Lugo shook his head. “I told you I never did. How could I? A few times I thought I saw a trace, but it gave out or it proved false. Once I may have. I’m not sure.”

“What was that ... master? You want to tell me?”

“I may as well. It was in Syracuse, where I based myself for a good many years because of its ties with Carthage. Lovely, lively city. A woman, Althea was her name, fine to look on and bright in the way women sometimes got to be in the later days of the Greek colonies—I knew her and her husband. He was a shipping magnate and I skippered a tramp freighter. They’d been married for over three decades, he’d gone bald and pot- bellied, she’d borne him a dozen children and the oldest of them was gray, but she might have been a maiden in springtime.”

Lugo fell silent a while before finishing, flat-voiced: “The Romans captured the city. Sacked it: I was absent. Always make an excuse to clear out when you see that kind of thing coming. When I returned, I inquired. She could have been taken for a slave. I could have tried to find her and buy her free. But no, when I’d tracked down somebody who knew, insignificant enough to’ve been left unhurt, I learned she was dead. Raped and stabbed, I heard. Don’t know if that’s true or not. Stories grow in the telling. No matter. It was long ago.”

“Too bad. You should’a got in there first.” Lugo tautened. “Uh, sorry, master,” Rufus said. “You don’t, uh, don’t seem to hate Rome.”

“Why should I? It’s eternally the same tale, war, tyranny, massacre, slavery. I’ve been party to it myself. Now Rome is on the receiving end.”

“What?” Rufus sounded aghast. “Can’t be! Rome is forever!”

“As you like.” Lugo turned back to him. “Apparently I have, at last, found a fellow immortal. At least, here is someone I can safeguard, watch, make certain of. Two or three decades should suffice. Though already I have no real doubt.”

He drew breath. “Do you see what this means? No, you scarcely can. You’ve had no time to think about it.” He surveyed heavy visage, low forehead, dismay yielding to a loose-lipped glee. I don’t expect you ever will, he thought. You are a moderately competent woodworker, nothing else. And I’m lucky to have found this much. Unless Althea—but she slipped through my fingers, away into death.

“It means I am not unique,” Lugo said. “If there are two of us, there must be more. Very few, very seldom born. It isn’t in the bloodlines, like height or coloring or those deformities I’ve seen run in families. Whatever the cause is, it happens by accident. Or by God’s will, if you prefer, though I’d think that makes God out to be sheerly capricious. And surely senseless mischance takes off many immortals young, as it takes off ordinary men and women and children. Sickness we may escape, but not the sword or the runaway horse or the flood or the fire or the famine or whatever. Possibly more die at the hands of neighbors who think this must be a demon, magician, monster.”

Rufus cowered. “My head’s all a-spin,” he whimpered.

“Well, you’ve had a bad time. Immortals need rest too. Sleep if you wish.”

Rufus’ expression was glazing over. “Why couldn’t we say we was, uh, saints? Angels?”

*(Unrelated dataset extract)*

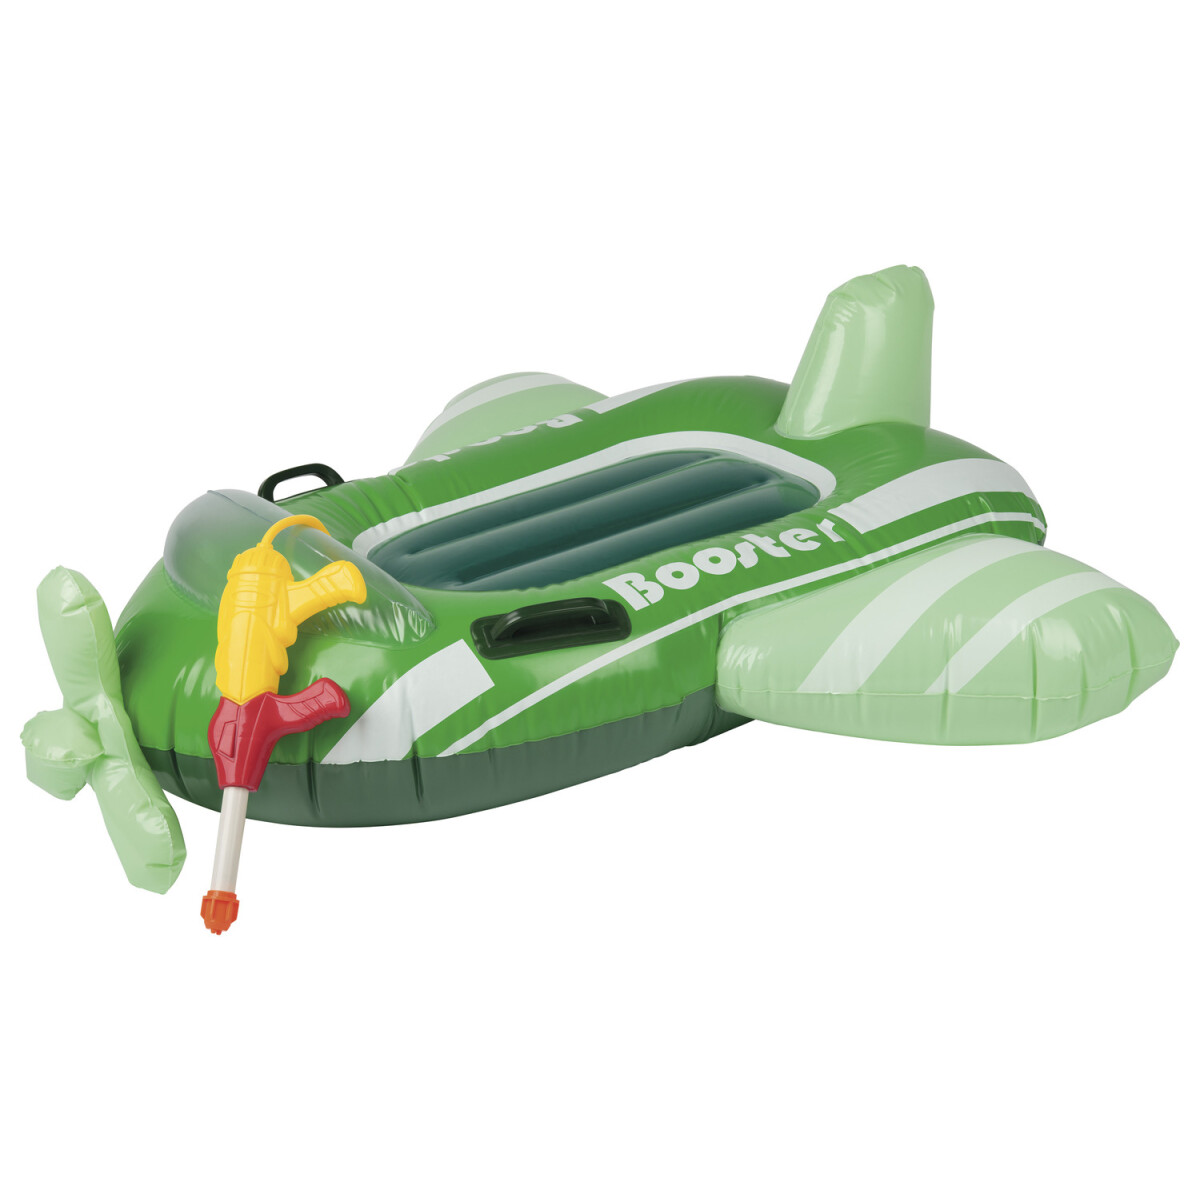 Playtive Kinder Sitzboote, aufblasbar, mit Wasserspritzpistole € (Flugzeug) B-Ware - 12,99 neuwertig
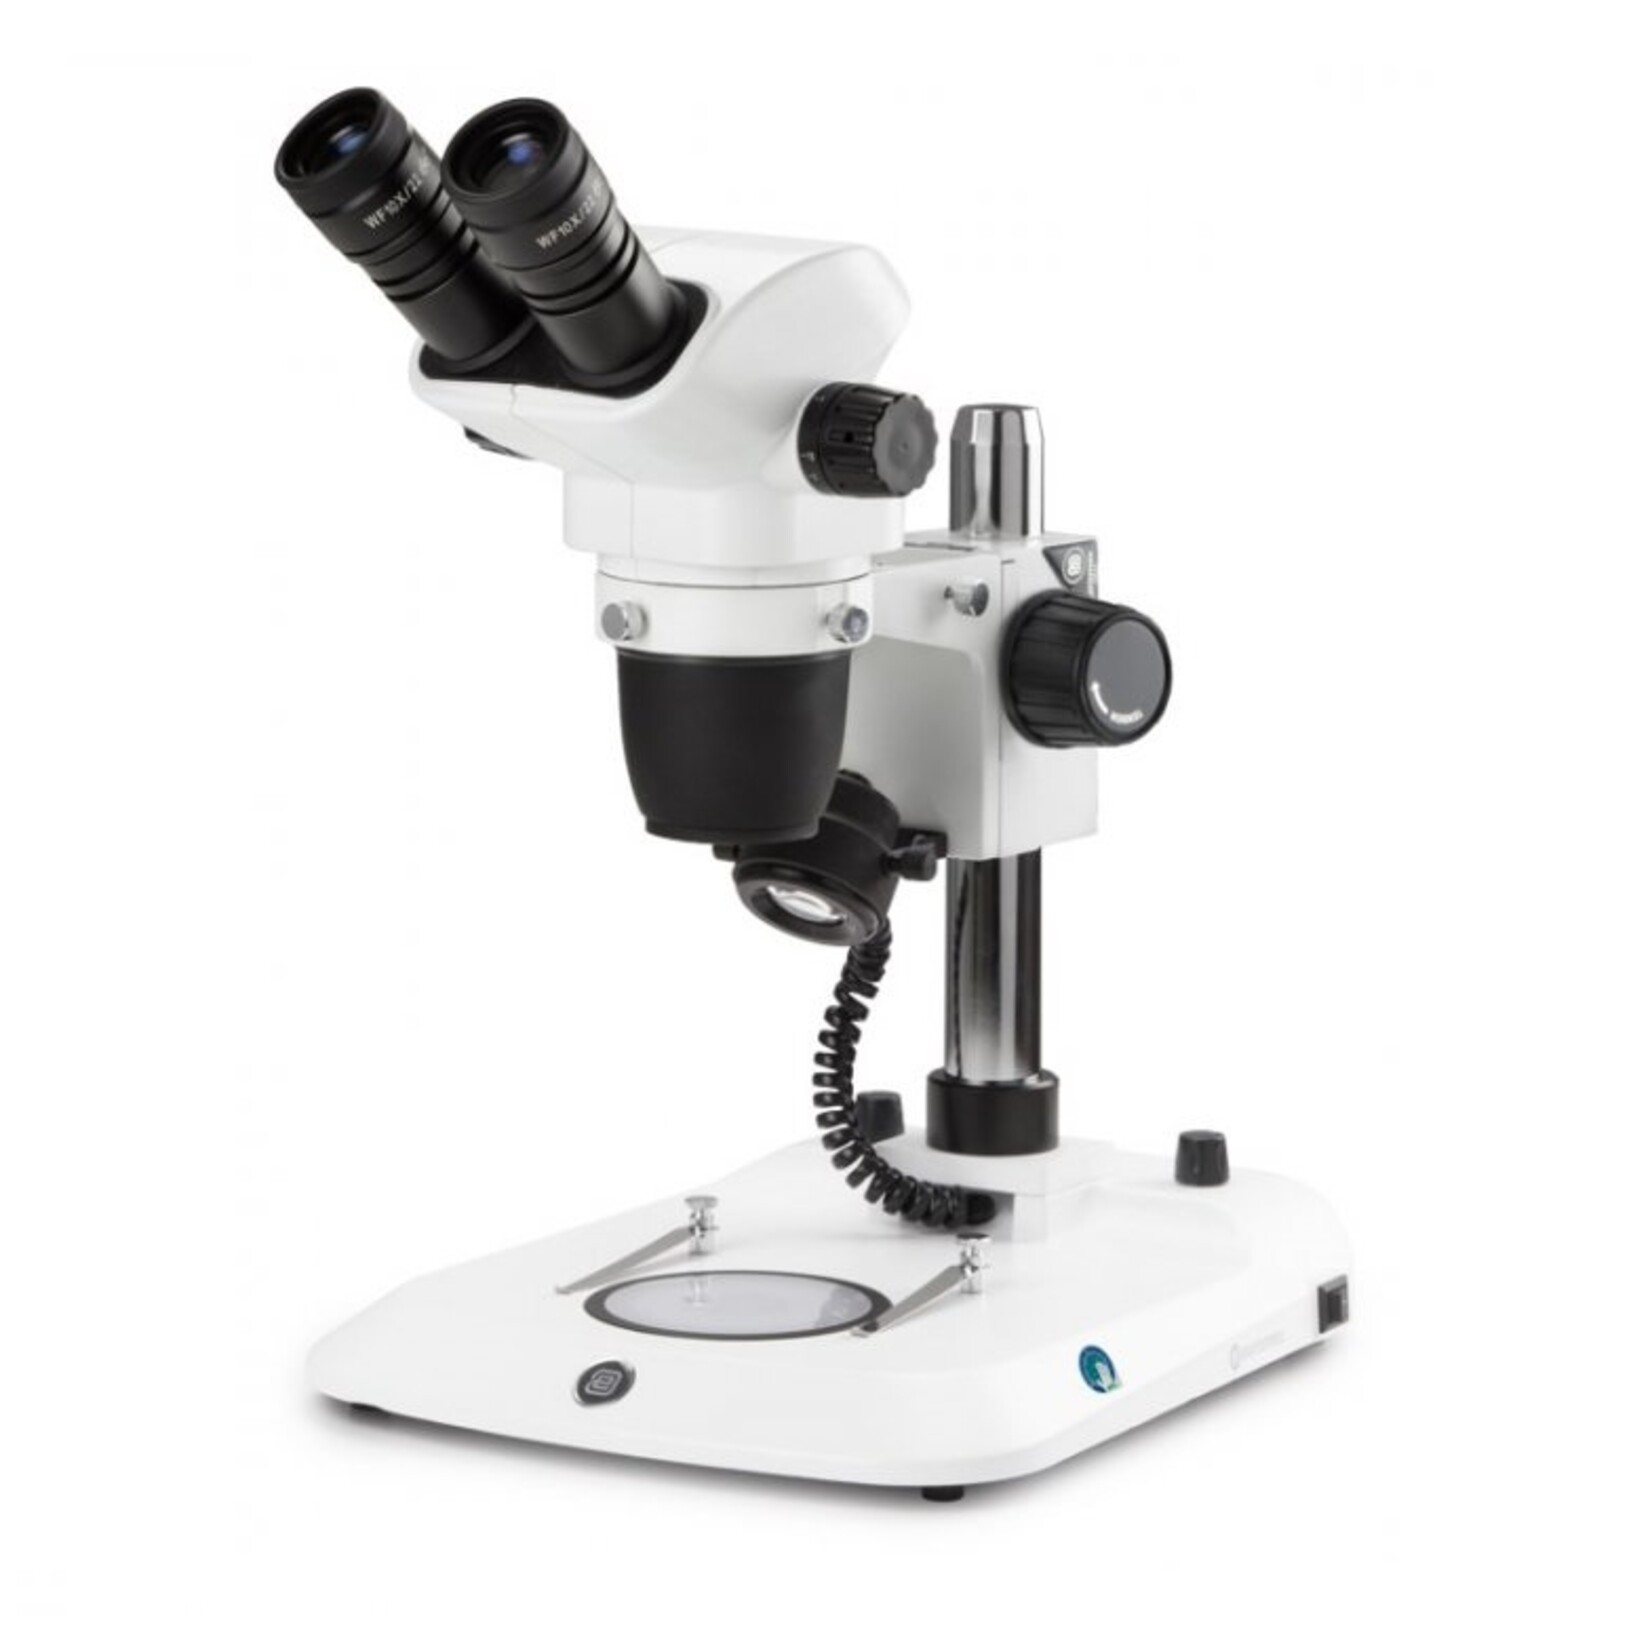 Dwuokularowy mikroskop stereoskopowy NexiusZoom, obiektyw od 0,67x do 4,5x, powiększenie od 6,7x do 45x ze statywem kolumnowym

“How far would you have gotten?” Lugo gibed. “Conceivably a man born into royalty— But I don’t suppose that’s ever happened, as rare as our kind must be. No, if we survive, we learn early on to keep our heads low.”

“Then how shall we find each other?”

Rufus hiccoughed and farted.

3

“Come our with me into the peristyle,” said Lugo.

“Oh, gladly,” Cordelia sang. Almost, she danced at his side.

It was an evening mild and clear. The moon stood over the eastern roof, close to full, in a sky still violet- blue. Westward, heaven darkened and stars trembled forth. City sounds had mostly died out; crickets chirred. Moonlight dappled the flowerbeds, shivered on the water of a pool, brought Cordelia’s young face and breast out of shadow into argency.

She and he stood hand in hand a few minutes. “You were so busy today,” she said at length. “When you came back early, I hoped— Of course, you had your work to do.”

“I did that, unfortunately,” he replied. “But these next hours belong to us.”